‘Alle poëzie dateert van vandaag’ is een versregel van Sybren Polet, Nederlands dichter en prozaschrijver. Het is ook de titel van het gedichtendagessay 2010. Dat essay is een zoektocht door het land van de poëzie op vier verschillende manieren: verhaal, betoog, brieven en gedichten. Charles Ducal concentreerde zich voor deze voordracht op het betoog. Enkele vragen die aan bod kwamen: wat is de essentie van poëzie, welke leeshouding vraagt poëzie, waarom haken vele lezers af zodra poëzie minder evident wordt, moet poëzie ‘begrijpelijk’ zijn, is poëzie in de eerste plaats een gevoelsuitstorting? Dit alles aan de hand van gedichten van diverse auteurs, die de vraagstelling concreet maakten. Tot slot las de dichter nog voor uit eigen werk o.a. de gedichten ‘Vuile voeten’ en ‘Begin’ uit Moedertaal(1994), ‘Bij het lezen van Lucas’ uit In inkt gewassen(2006), ‘Koningskinderen’, ‘Het dochtertje van J.’ en ‘Steen’ uit Toegedekt met een liedje(2009).
Ter gelegenheid van Ducals zestigste verjaardag sprak professor- emeritus Hugo Brems in 2012 een laudatio uit. In datzelfde jaar verscheen de verzamelbundel Alsof ik er haast ben 1987 – 2012 (uitgeverij Atlas) waarover recensent Jan-Jakob Delanoy in Cutting Edge schreef: “Charles Ducals poëzie staat bekend als traditioneel en toegankelijk, wat waarschijnlijk komt door de grote herkenbaarheid van zijn gedichten. Menselijk inzicht ligt hiervan aan de basis en Ducal koppelt dit aan een groot mededogen. Deze poëzie ademt een grote noodzakelijkheid, is nooit zomaar schoonschrijverij. ‘Alsof ik er haast ben’ is dan ook een dankbare kans om het voorlopige universum van een van de grootste Vlaamse dichters in zijn geheel in huis te halen.” En Joop Leibbrand in Meander: ‘Alsof ik er haast ben’ is heel wat meer dan licht gestuif. Het is een bundeling die Ducal de enige plaats in het poëzielandschap geeft die hem recht doet: vooraan, waar hij met kop en schouders uitsteekt boven al die de laatste jaren omhooggeschreven mindere goden.

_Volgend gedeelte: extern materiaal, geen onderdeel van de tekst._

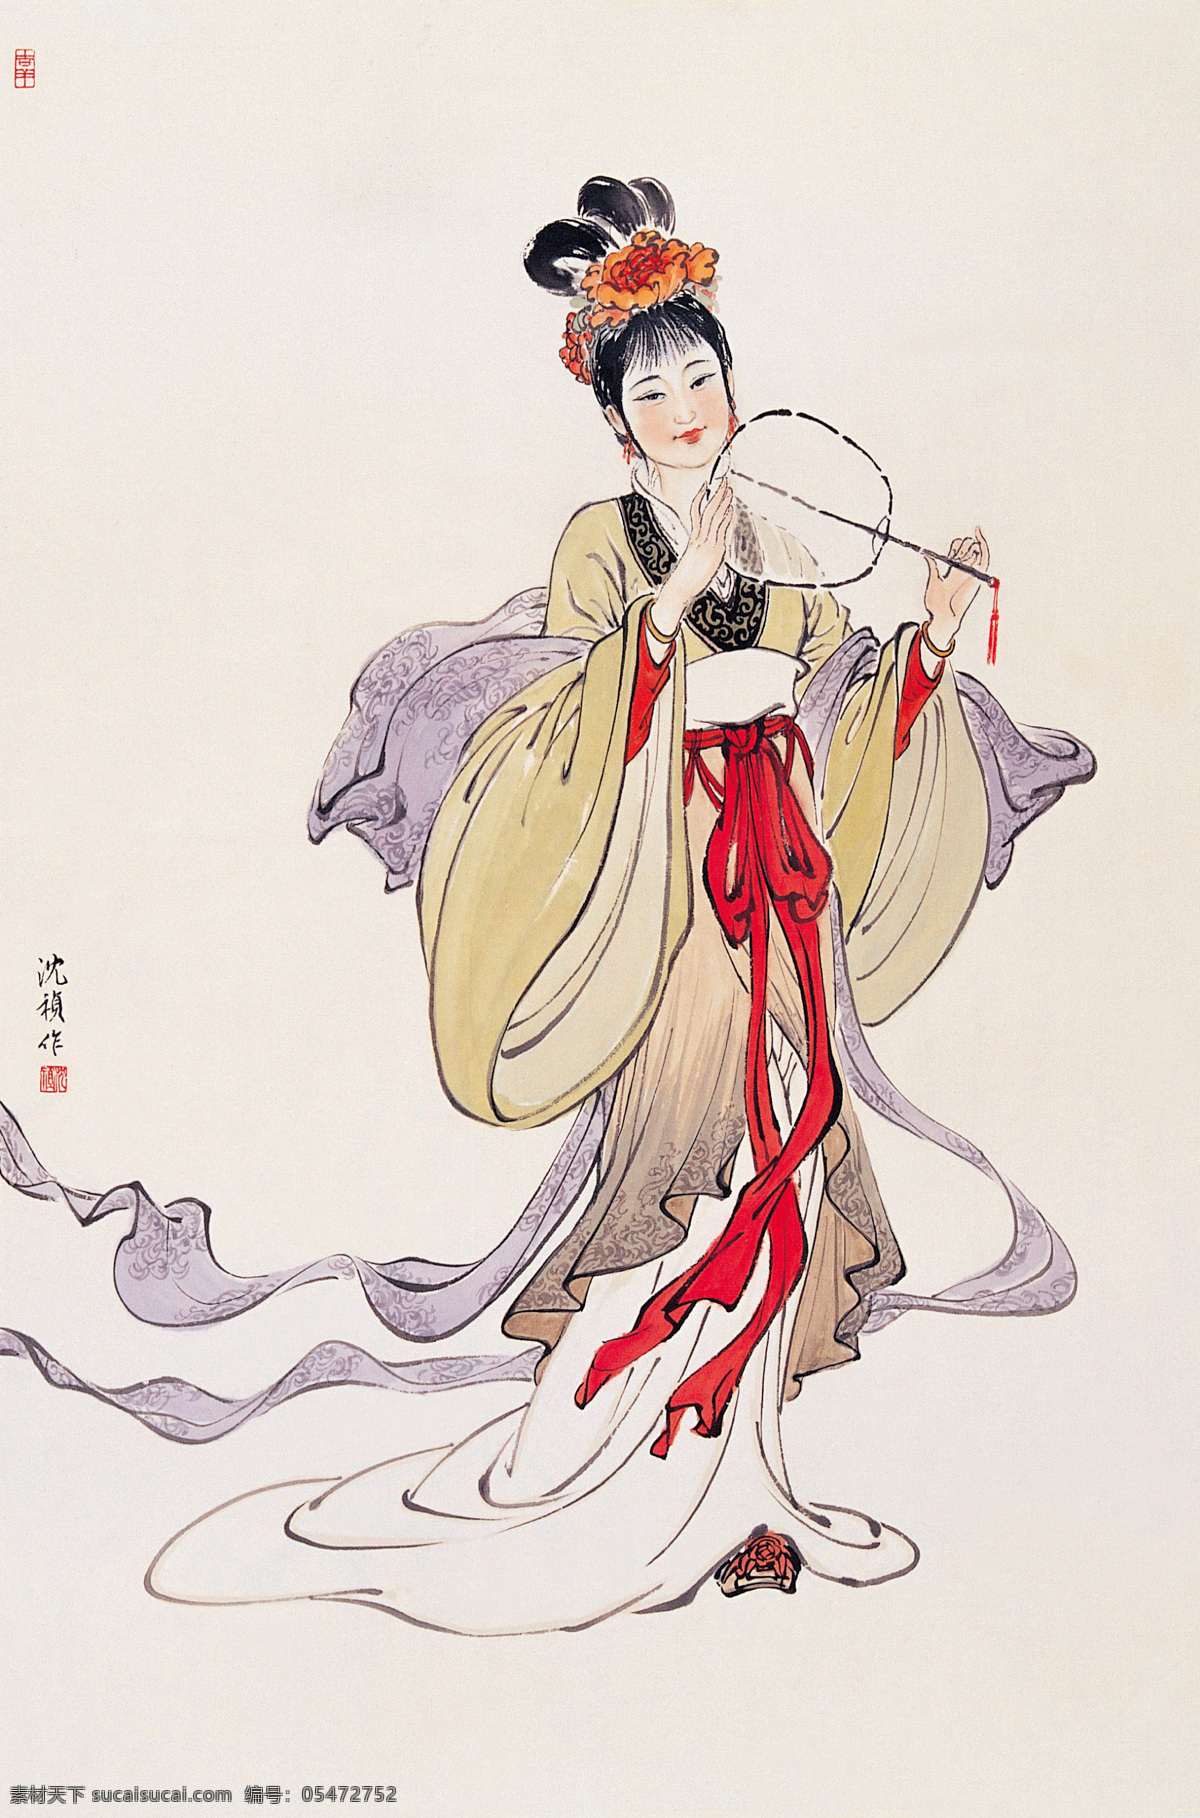 执扇仕女 国画 写意 图案 绘画 古典 神话传说 人物 中国风 绘画书法 文化艺术

Charles Ducal, nom de plume van Frans Dumortier, Vlaams dichter en prozaschrijver (°1952) studeerde Germaanse filologie in Leuven. Hij was jarenlang werkzaam als leraar Nederlands.
Als dichter debuteerde hij met Het huwelijk (1987), in 1989 gevolgd door De hertog en ik. Die laatste bundel werd bekroond met de Prijs van De Vlaamse Gids en de Lucy B. en C.W. van der Hoogtprijs. Op 29 januari, gedichtendag, werd hij officieel aangesteld als Dichter des Vaderlands.